French: Business owners and companies, particularly public companies, need to understand that they have legal duties and obligations to conduct investigations under the appropriate circumstances. If there is a whistleblower who creates a complaint or they have learned that there has been some misconduct that could hurt shareholders or that caused financial statements to be inaccurate, they have legal duties to investigate and to correct those. And it’s not just an inquiry by a curious person.
When we’re talking about a legal investigation, you’re talking about a search for the facts. You would start with your lawyer. The lawyer will create a team, bring in a forensic accountant, bring in IT consultants, perhaps other private investigators. Then the next step in the investigation is to impose what’s called a legal hold. You have to prevent the destruction of any data, electronic or paper documents. And that’s very important, because the law will impose liability and perhaps criminal sanctions for obstruction of justice if you don’t curtail the destruction of documents. Many companies have routine document destruction policies. After so many months or years, you automatically delete or get rid of information. You’ve got to stop that right away, then you gather together documents. You do a forensic investigation of the accounting records. You find out everything you’ve got electronically. Emails and text messages are sometimes the very best evidence. Once you’ve digested all of that, you interview witnesses. And there are special techniques that are used, which make the information more valuable to the company, because the company can use it to perhaps prevent corporate criminal liability. It’s not just what people would understand as "Let’s go find out the facts."
Myers: It’s more complex than people typically think it is. It’s very structured.
CPBJ: What are the steps that you take to determine the facts, to find out what happened?
French: You put your team together and then you come up with your investigation plan. A big part of that plan may be the forensic accounting investigation. Another big part may be how we’re going to investigate the appropriate IT, the electronic documentation; determine who are what we call custodians, who are the potential witnesses, who are the persons who have normal access to the documentation involved. Then you create a plan of what documents, what evidence you want, and then what witnesses you want to interview.
Myers: From my perspective, the client reaches out to the attorney. The attorney calls a meeting. Often it’s with the accountant first and then IT at a different time. And they’ll tell us the story as they see it. And then as we’re going along, we’ll be asking, "What would you need to view from a financial perspective to be able to come up with a conclusion in this?" It’s not saying, "Here is what we want the conclusion to be."
Dean: We do the same thing, just with different terminology. We ask, ‘What questions are you trying to answer?’ And then counsel will typically rely on us to determine the best places to be able to answer those questions. They may not know all the artifacts that are available. And then we consult with counsel to say, "You have this artifact, this artifact, this information available.

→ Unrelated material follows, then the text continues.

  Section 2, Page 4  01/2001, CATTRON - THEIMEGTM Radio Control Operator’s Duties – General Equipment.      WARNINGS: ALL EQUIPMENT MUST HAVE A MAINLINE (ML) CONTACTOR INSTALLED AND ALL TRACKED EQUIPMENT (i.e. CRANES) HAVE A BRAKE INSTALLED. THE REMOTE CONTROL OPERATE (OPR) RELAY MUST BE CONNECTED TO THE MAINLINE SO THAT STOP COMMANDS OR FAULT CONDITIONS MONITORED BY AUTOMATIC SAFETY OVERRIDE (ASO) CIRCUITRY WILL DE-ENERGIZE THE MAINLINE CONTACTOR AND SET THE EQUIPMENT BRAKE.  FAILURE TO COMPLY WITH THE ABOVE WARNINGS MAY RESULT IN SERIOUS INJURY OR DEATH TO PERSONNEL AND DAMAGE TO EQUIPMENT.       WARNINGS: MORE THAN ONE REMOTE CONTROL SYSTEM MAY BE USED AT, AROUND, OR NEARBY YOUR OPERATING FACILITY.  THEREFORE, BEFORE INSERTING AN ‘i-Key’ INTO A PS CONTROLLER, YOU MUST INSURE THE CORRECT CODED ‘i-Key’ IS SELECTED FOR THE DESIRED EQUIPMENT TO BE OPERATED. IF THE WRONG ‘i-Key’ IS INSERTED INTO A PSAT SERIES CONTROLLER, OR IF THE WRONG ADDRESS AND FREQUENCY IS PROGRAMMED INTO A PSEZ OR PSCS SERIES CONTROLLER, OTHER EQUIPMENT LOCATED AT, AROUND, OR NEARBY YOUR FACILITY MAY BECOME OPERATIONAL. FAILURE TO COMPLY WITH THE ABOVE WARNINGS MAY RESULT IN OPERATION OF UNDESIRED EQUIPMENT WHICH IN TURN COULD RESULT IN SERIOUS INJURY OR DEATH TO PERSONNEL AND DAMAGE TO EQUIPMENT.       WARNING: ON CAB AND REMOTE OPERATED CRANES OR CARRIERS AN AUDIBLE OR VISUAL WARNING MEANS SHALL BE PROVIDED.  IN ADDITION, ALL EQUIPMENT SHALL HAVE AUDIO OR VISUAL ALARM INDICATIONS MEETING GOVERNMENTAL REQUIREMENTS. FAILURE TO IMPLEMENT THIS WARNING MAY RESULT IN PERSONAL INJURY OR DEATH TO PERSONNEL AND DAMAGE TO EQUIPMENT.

Which one of these would you like?" And we’ll pull that and figure out what is valuable and what is not.
CPBJ: By artifact, do you mean digital files?
Dean: Yes. Artifacts, activities, files, communications, those types of things.
CPBJ: At some point do you interview employees who are suspects?
French: Certainly. And this is where attorney-client privilege becomes very important. The first thing you do when you interview a witness, particularly in a situation where there may be criminal activity, is give them what’s called an Upjohn Warning. The Upjohn Warning is sort of the civil equivalent to the warning that police officers give, the Miranda Warning. Essentially what you’re telling them is, "I represent the company and our communications are subject to attorney-client privilege, which means they cannot be disclosed. However, I do not represent you personally. And in the event that the company decides they want to share this information with the authorities, they may do so and you can’t stop them."
And you’re not taking a sworn statement. It’s not a deposition. It’s an interview. And that’s important, because the witnesses are not under oath.
The other question that often comes up is, "Do I have to talk to you? I have Fifth Amendment rights." Well, I’m not the government. So you don’t have any Fifth Amendment rights with me, but you do with respect to government and prosecution. It’s up to you whether you want to cooperate. But if you don’t cooperate, your employer has the right to terminate your employment and impose discipline for not doing so.
CPBJ: Is that part of an employment contract?
French: That’s general law, unless it’s contrary to an employment contract. You have an obligation to reasonably follow the lawful directives of your employer as part of your job.
CPBJ: And the interview, is it once, twice? Is it ongoing?
French: The first thing you do is you have a sense for what they know already, because you’ve looked at the documents, you’ve looked at the electronic data. Your purpose is to let them tell you their version of the story and then you test-drive some of your theories as to what happened, or may have happened.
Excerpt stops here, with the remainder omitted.